So there you have it. Ten years from now, as long as I keep dancing, I will be ten years better at dancing than I am now; ten years from now, as long as I keep existing, I will have ten years’ more experience and wisdom under my belt — and that will be the case even though I am going to take breaks, and fall on my butt, and generally be a screw-up sometimes because that’s how I am; that’s how my Bipolar is.

So there you go.

Some days, bipolar wins — but usually, in short, it’s not the end of the world.

About asher

Me in a nutshell: Standard uptight ballet boy. Trapeze junkie. Half-baked choreographer. Budding researcher. Transit cyclist. Terrible homemaker. Neuro-atypical. Fabulous. Married to a very patient man. Bachelor of Science in Psychology (2015). Proto-foodie, but lazy about it. Cat owner ... or, should I say, cat own-ee? ... dog lover. Equestrian.

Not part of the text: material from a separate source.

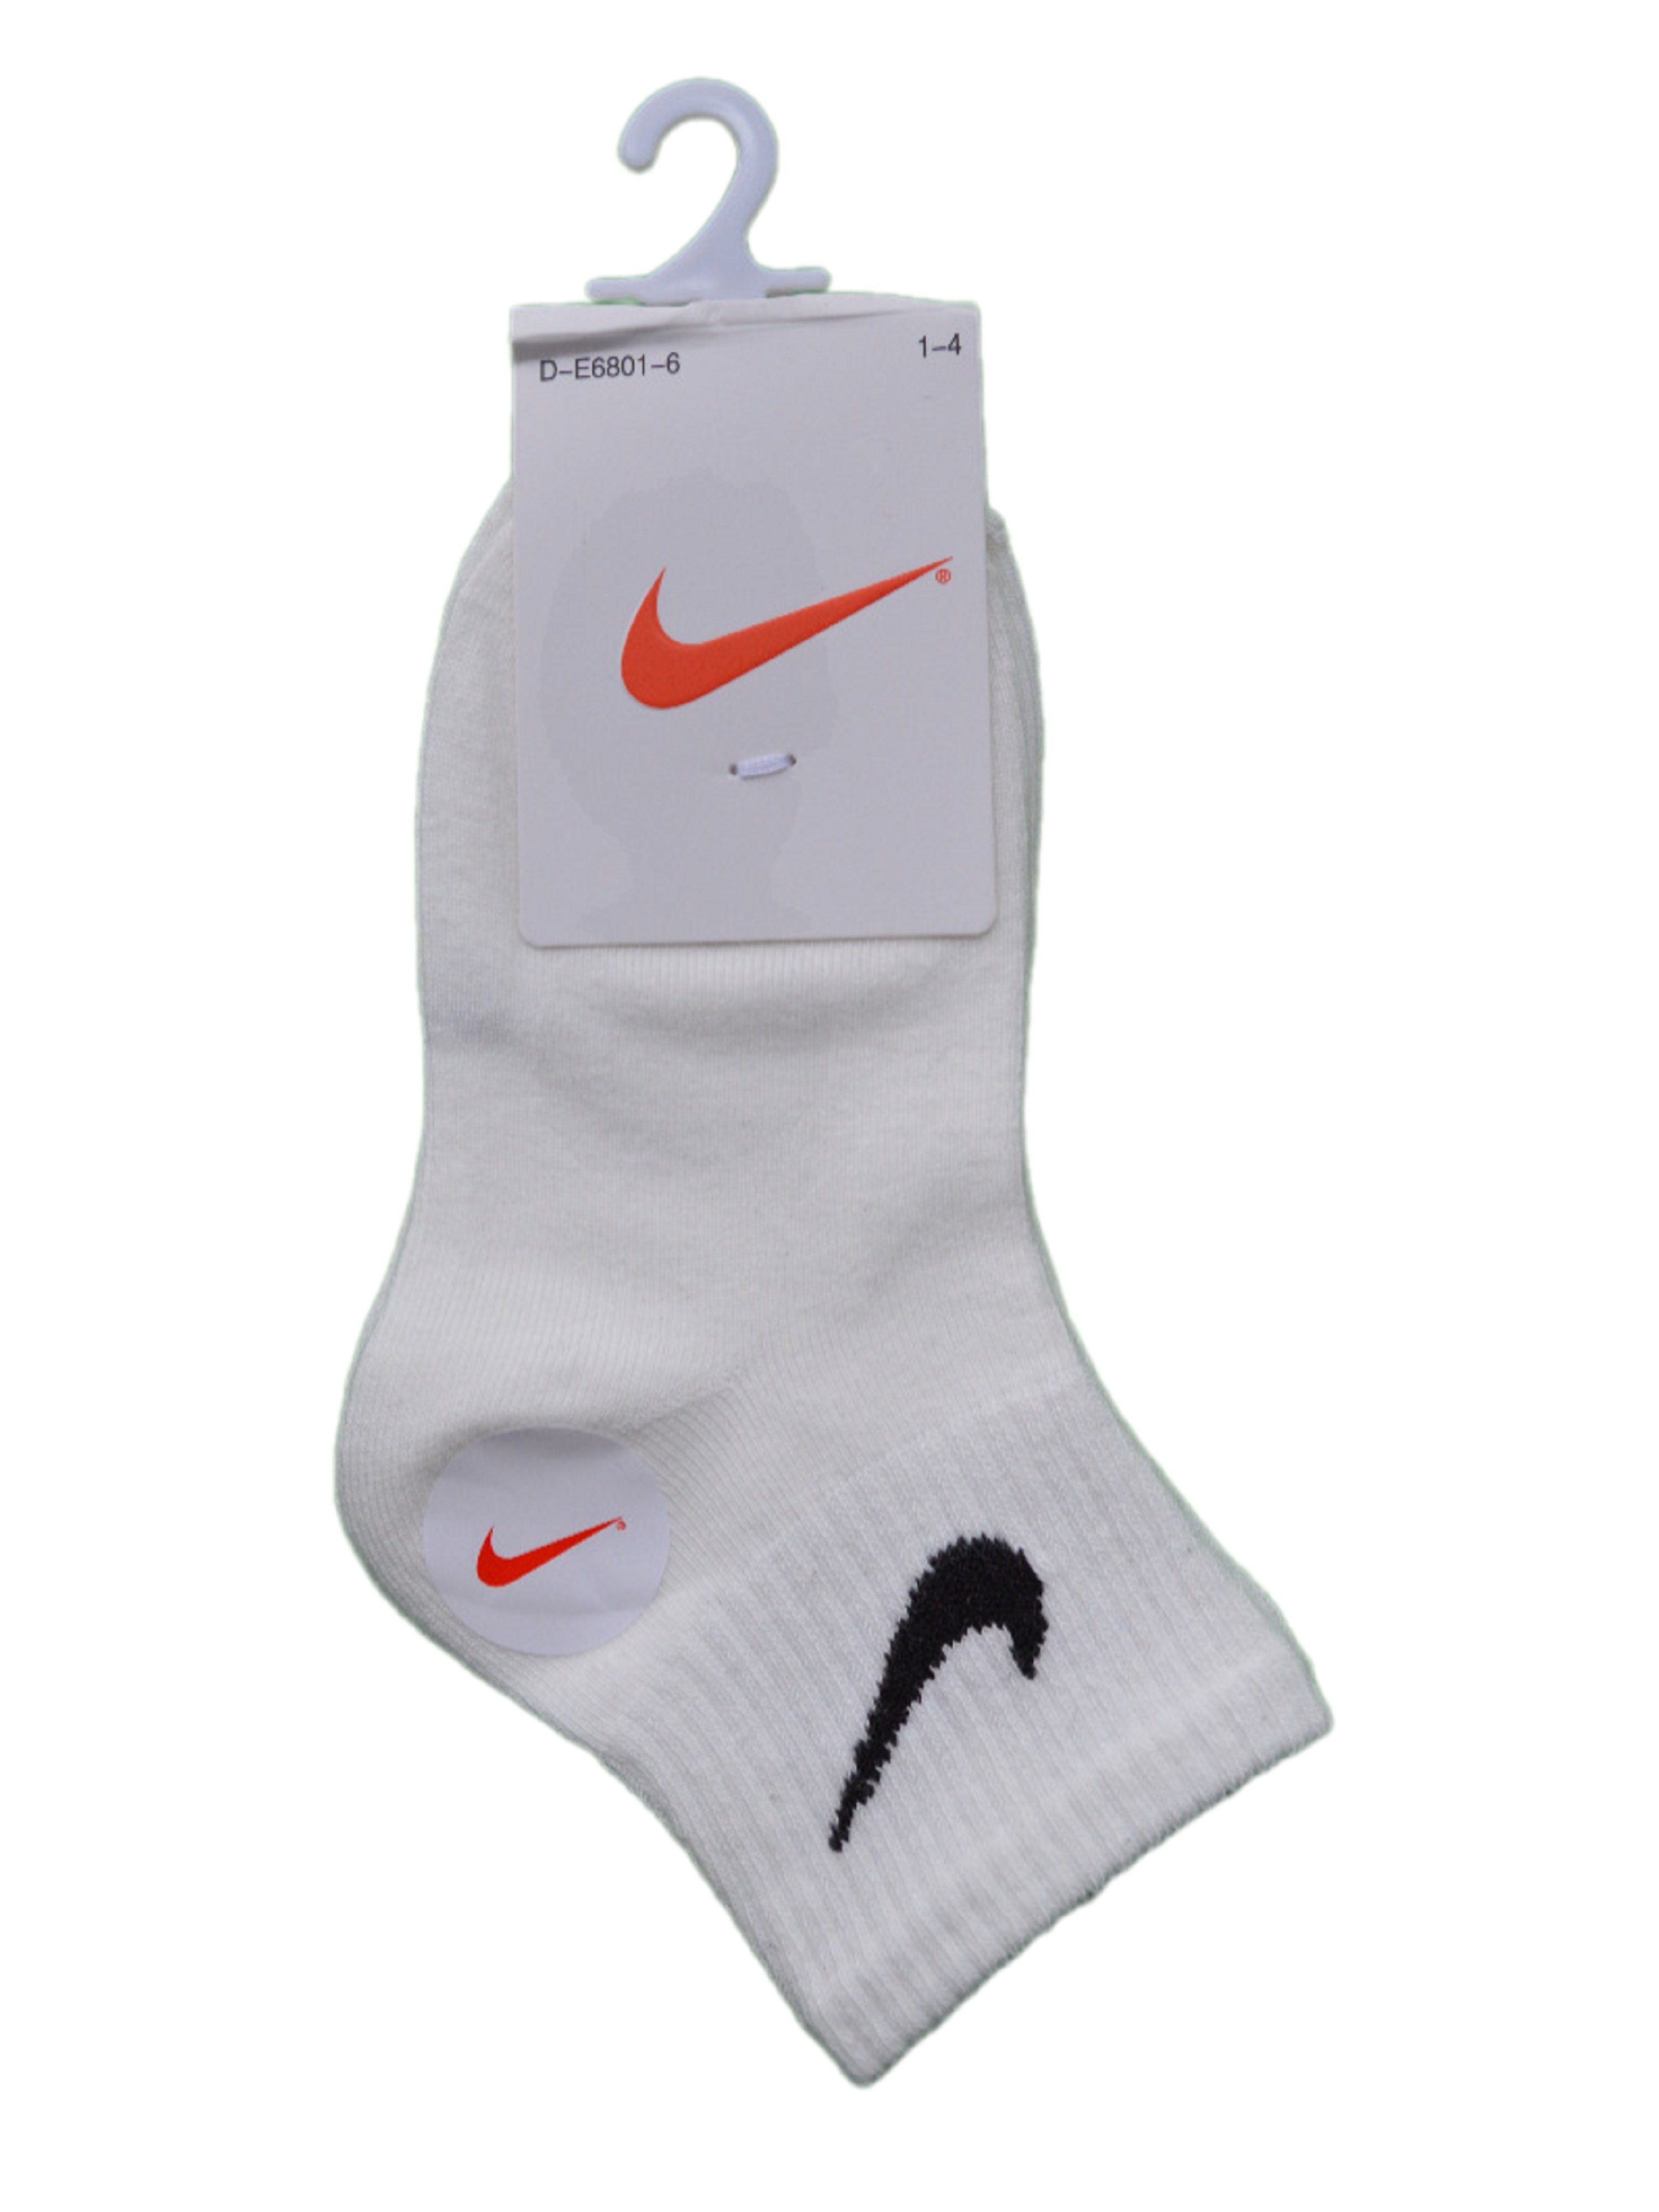 Носки детские Nike Ni-D-E6801-6, белый, 6 кроссовки детские nike star runner 3 psv
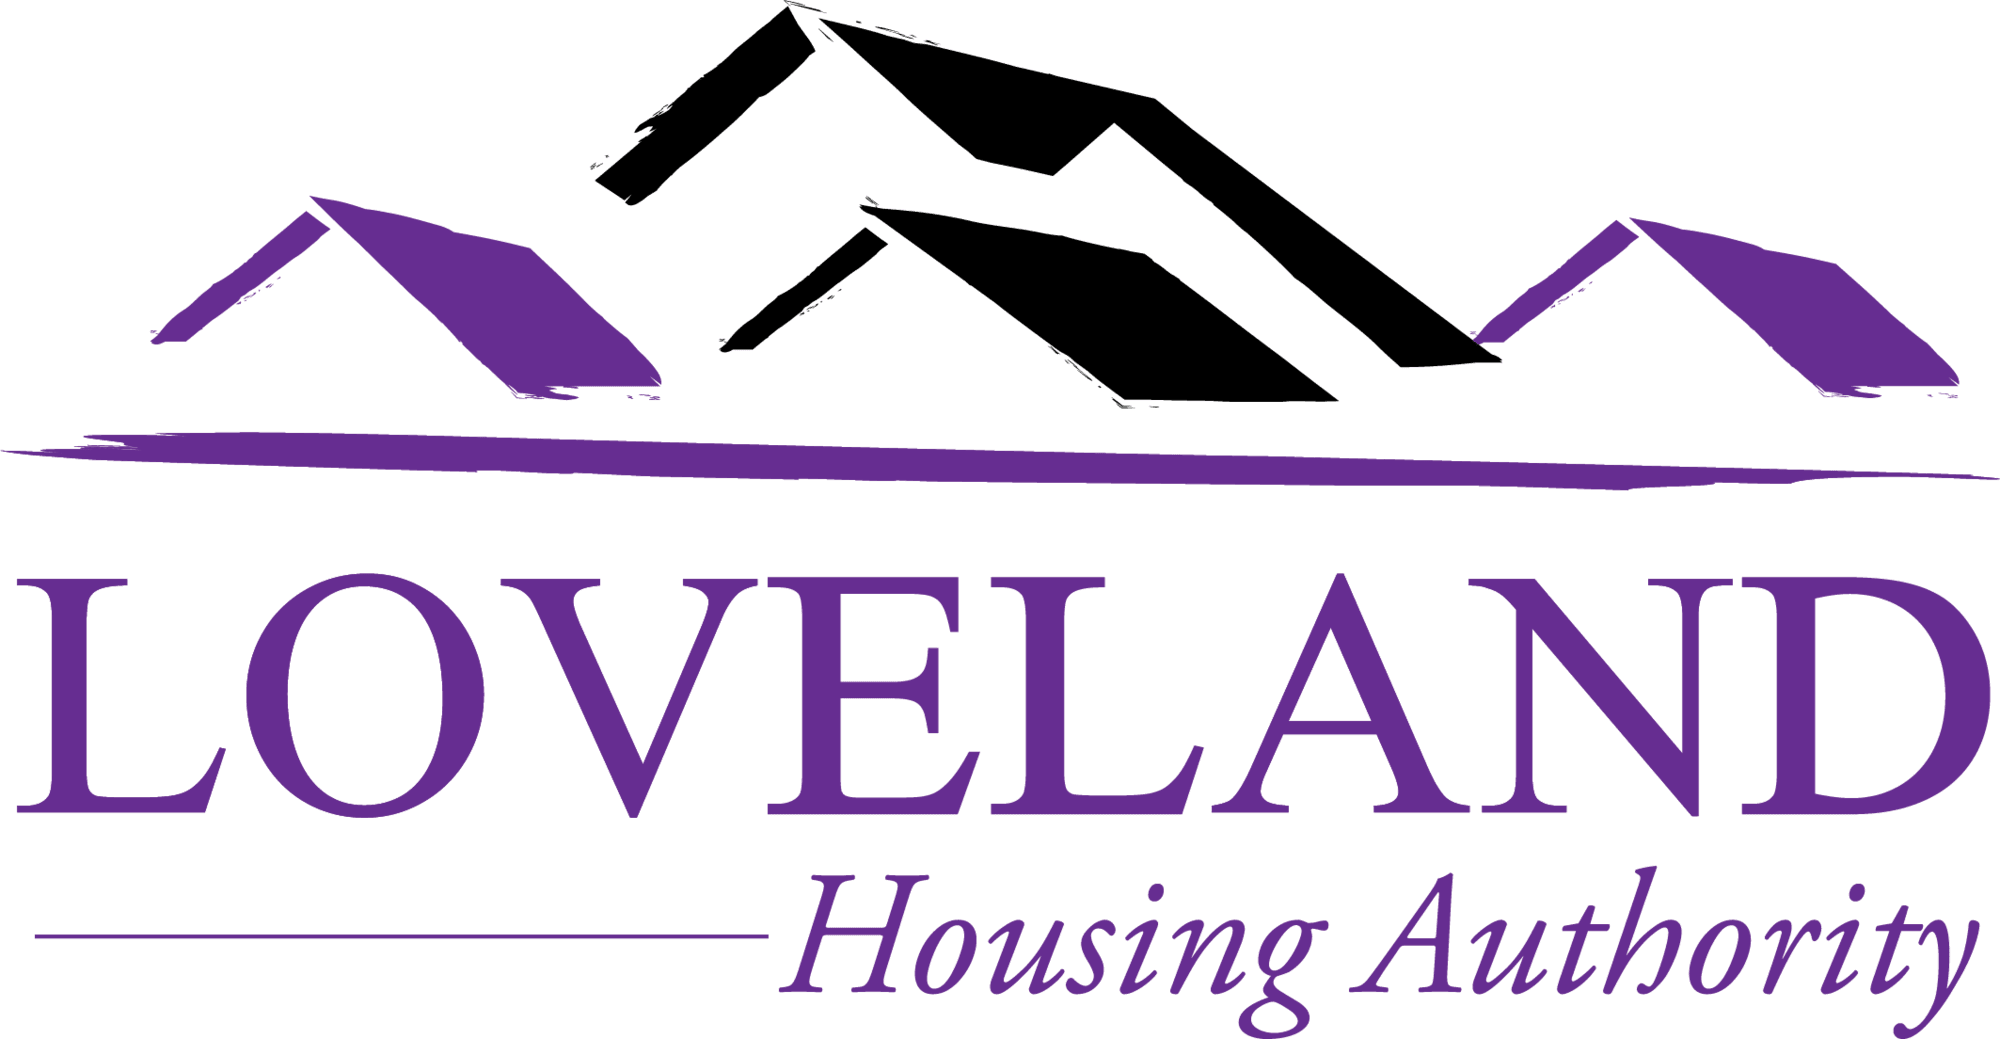 Loveland Housing Authority Logo

Posted on 2015/10/21, in bipolar and tagged , , , , . Bookmark the permalink. 15 Comments.

  1. No matter what… if you are true to your creative drive, you will never know, whether what you do matters. That don’t sound like encouragement, but it’s the damn truth. It’s not BPD.. or as I prefer, manic-depression. A thing that’s strung me out and hung me up to dry, confused and befuddled my road through life.
    No, the days “it” wins, not the end of the world, and not days you ‘lose.’ All I’ve every really really wanted to do in my life… from as long ago as I can remember–was to make art. But making art isn’t so simple, though it should be. Should be–you just DO IT. But believing in yourself, believing that what you do, matters, by some account or another, fucks the mind upside and inside out.
    Today I finished #379 … since taking it up again in July of 2012. When I was 71.
    This was a happy day. #380 is almost finished.
    I’m doing it. Haven’t erased the doubts. But I keep working… and it’s doing it that matters. Nothing else. The euphoria of finishing a piece lasts.. .maybe a day or two. You can’t live on you did. It’s all about what you do next, what you’re doing now.
    Wish I could say there’s a place to get to when it all eases up, the doubts behind you… nope. Won’t happen. But those moments of joy, of self-pleasure… kinda like orgasms. They don’t last. But who would want to say life mattered, without em!?

  2. Nah.

    Sometimes your emotions win. Sometimes your aspirations win. Sometimes they both pull together and the world lies at your feet.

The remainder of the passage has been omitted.